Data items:
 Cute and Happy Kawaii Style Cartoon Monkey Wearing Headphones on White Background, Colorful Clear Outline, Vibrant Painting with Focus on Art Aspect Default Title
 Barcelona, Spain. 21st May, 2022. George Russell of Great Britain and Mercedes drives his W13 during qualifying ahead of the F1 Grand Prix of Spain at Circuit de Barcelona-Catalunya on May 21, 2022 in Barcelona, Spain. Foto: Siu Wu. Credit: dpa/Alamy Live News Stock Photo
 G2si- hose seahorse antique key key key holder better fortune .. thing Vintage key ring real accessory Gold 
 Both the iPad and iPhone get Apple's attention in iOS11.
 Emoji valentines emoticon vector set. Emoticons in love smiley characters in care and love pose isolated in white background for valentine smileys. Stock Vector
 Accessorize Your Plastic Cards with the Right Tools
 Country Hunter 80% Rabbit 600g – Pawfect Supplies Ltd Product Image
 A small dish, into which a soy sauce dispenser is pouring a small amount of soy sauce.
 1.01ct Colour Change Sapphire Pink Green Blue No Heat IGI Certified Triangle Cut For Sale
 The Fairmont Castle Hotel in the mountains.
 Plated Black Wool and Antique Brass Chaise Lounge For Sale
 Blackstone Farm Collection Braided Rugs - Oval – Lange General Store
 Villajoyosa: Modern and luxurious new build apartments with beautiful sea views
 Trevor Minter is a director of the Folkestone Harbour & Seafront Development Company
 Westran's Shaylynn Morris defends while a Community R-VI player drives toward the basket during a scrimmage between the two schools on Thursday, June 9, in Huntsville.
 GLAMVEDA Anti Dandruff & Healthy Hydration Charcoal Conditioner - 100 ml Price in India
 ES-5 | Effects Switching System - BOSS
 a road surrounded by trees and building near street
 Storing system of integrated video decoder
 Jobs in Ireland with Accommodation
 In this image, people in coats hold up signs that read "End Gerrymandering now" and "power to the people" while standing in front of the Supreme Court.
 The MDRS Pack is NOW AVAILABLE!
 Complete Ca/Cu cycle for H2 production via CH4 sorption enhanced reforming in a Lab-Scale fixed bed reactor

PROBLEM DETAILS: Reproduce the entries above exactly, starting at their first line and finishing with the line that contains "Both the iPad".

RESPONSE TO THE EXERCISE:
 Cute and Happy Kawaii Style Cartoon Monkey Wearing Headphones on White Background, Colorful Clear Outline, Vibrant Painting with Focus on Art Aspect Default Title
 Barcelona, Spain. 21st May, 2022. George Russell of Great Britain and Mercedes drives his W13 during qualifying ahead of the F1 Grand Prix of Spain at Circuit de Barcelona-Catalunya on May 21, 2022 in Barcelona, Spain. Foto: Siu Wu. Credit: dpa/Alamy Live News Stock Photo
 G2si- hose seahorse antique key key key holder better fortune .. thing Vintage key ring real accessory Gold 
 Both the iPad and iPhone get Apple's attention in iOS11.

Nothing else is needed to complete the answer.